___ Source material

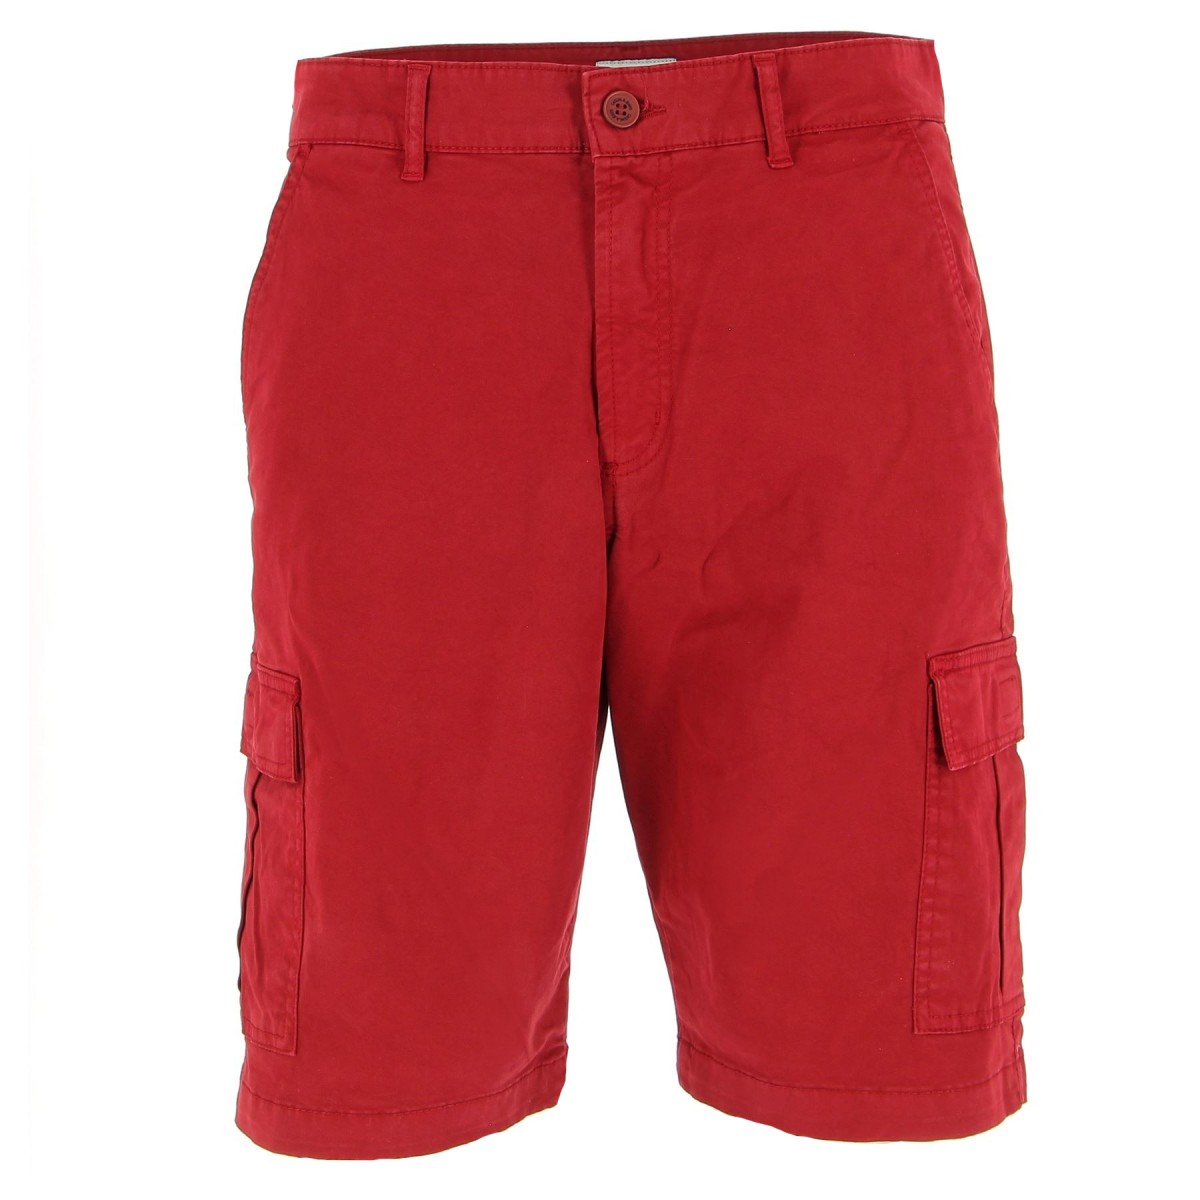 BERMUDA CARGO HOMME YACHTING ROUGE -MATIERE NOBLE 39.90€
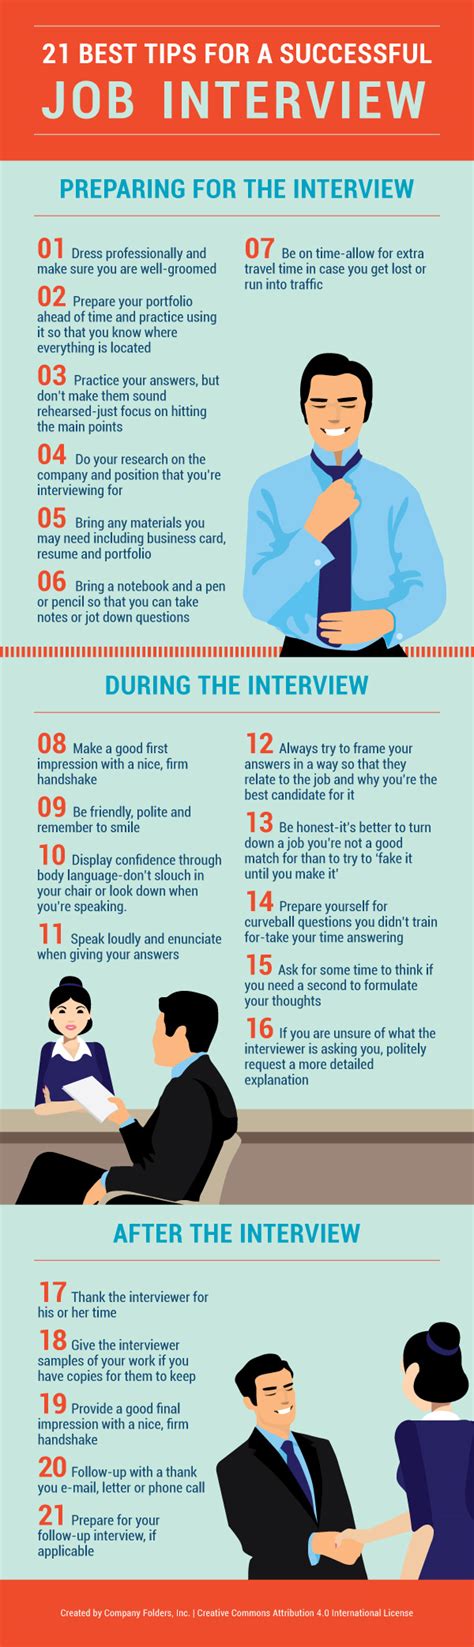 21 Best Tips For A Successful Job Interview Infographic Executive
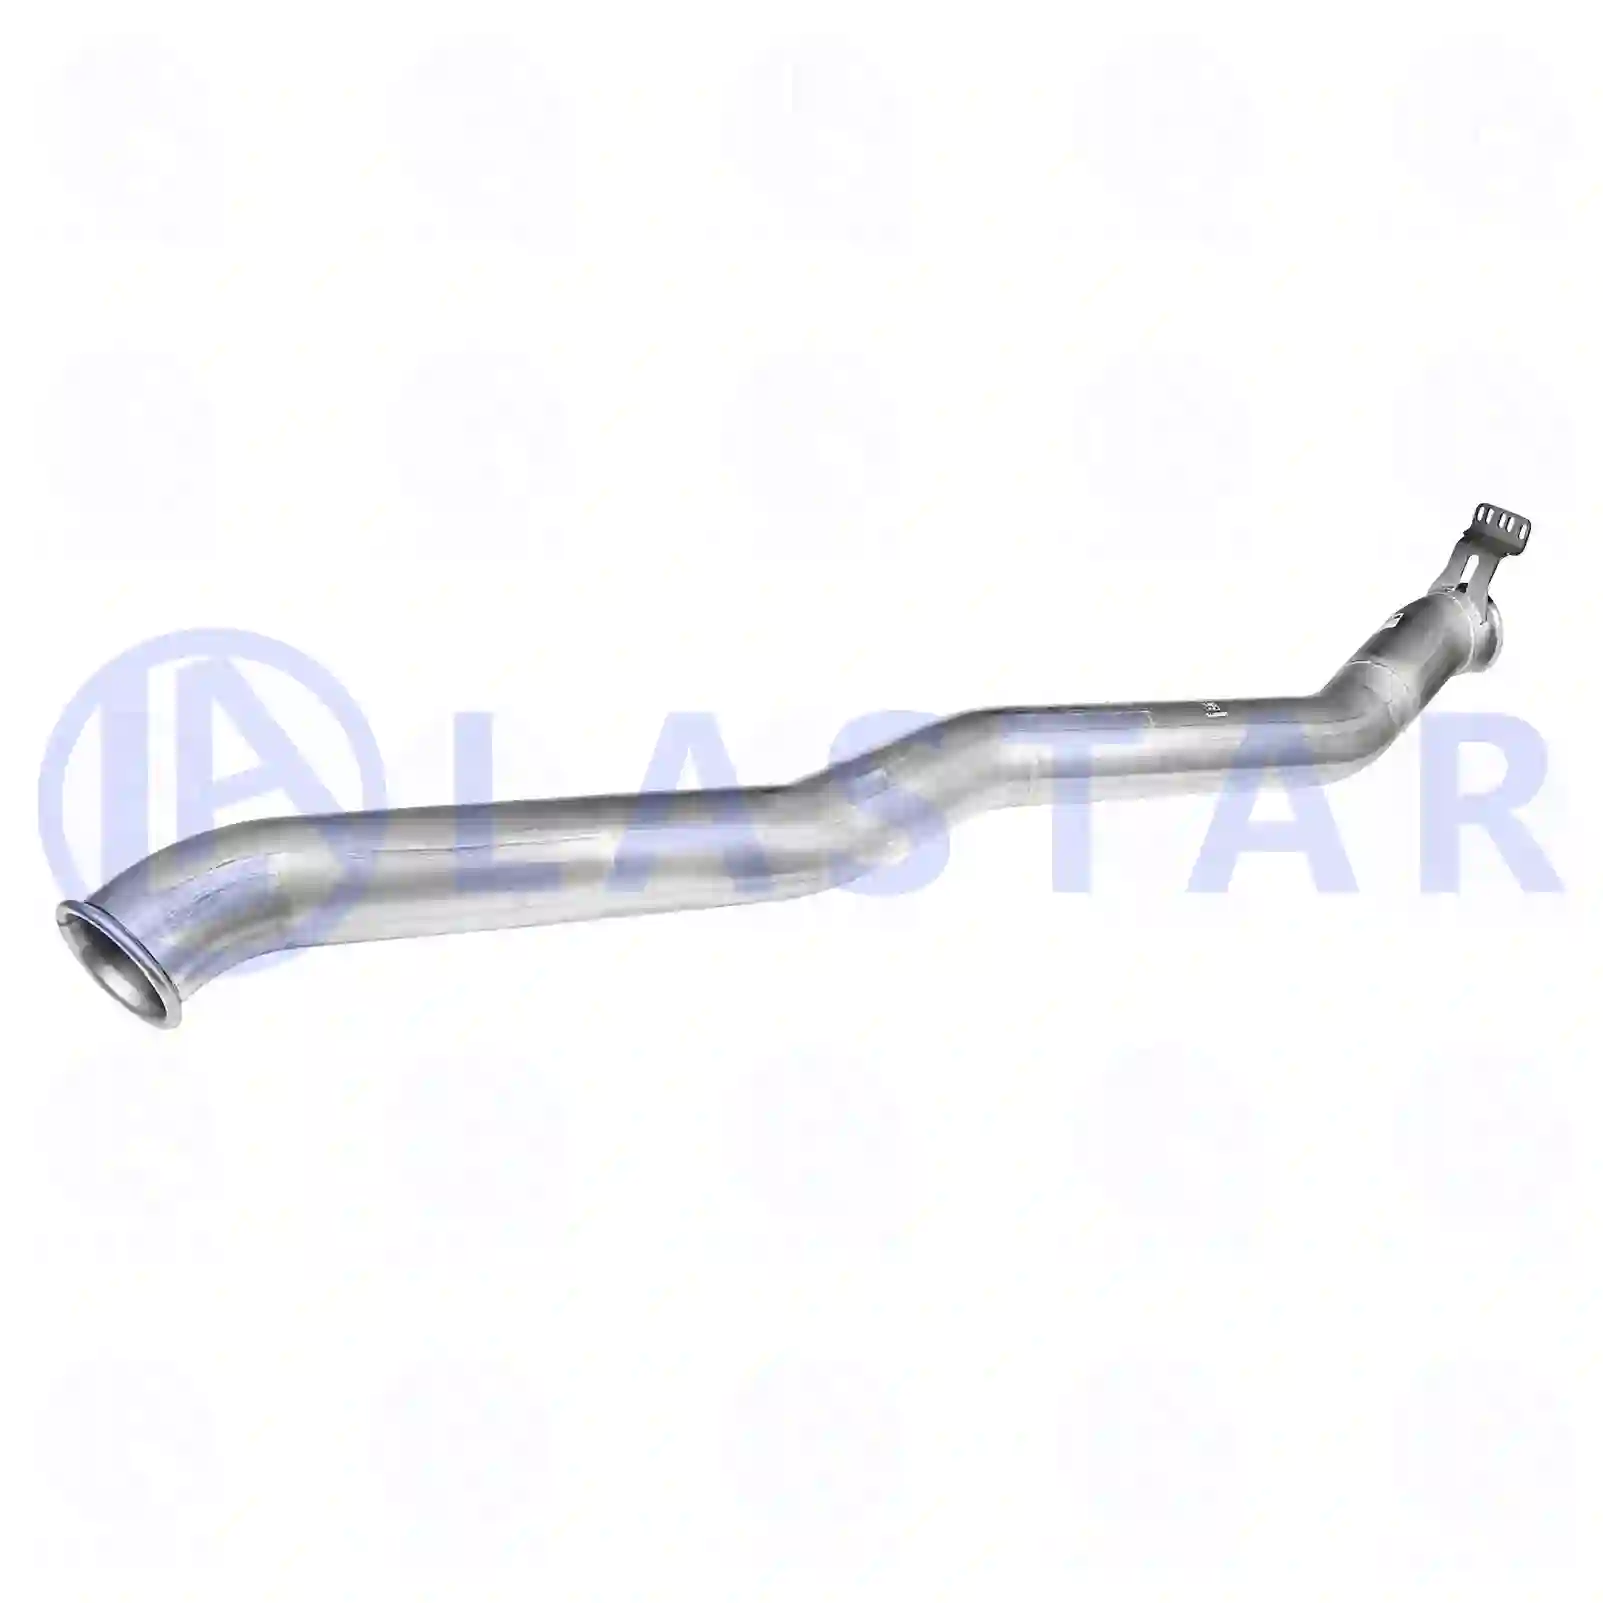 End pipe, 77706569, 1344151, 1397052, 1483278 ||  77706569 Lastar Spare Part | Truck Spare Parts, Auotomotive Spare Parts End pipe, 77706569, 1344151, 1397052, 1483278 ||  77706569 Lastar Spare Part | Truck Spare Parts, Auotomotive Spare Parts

______

Copy only the lines running from the one that holds "21 Best Tips" through the last line of the data, and include both of those lines. Do not copy any pictures.

▶ Written answer
 21 Best Tips For A Successful Job Interview Infographic Executive
 End pipe, 77706569, 1344151, 1397052, 1483278 ||  77706569 Lastar Spare Part | Truck Spare Parts, Auotomotive Spare Parts End pipe, 77706569, 1344151, 1397052, 1483278 ||  77706569 Lastar Spare Part | Truck Spare Parts, Auotomotive Spare Parts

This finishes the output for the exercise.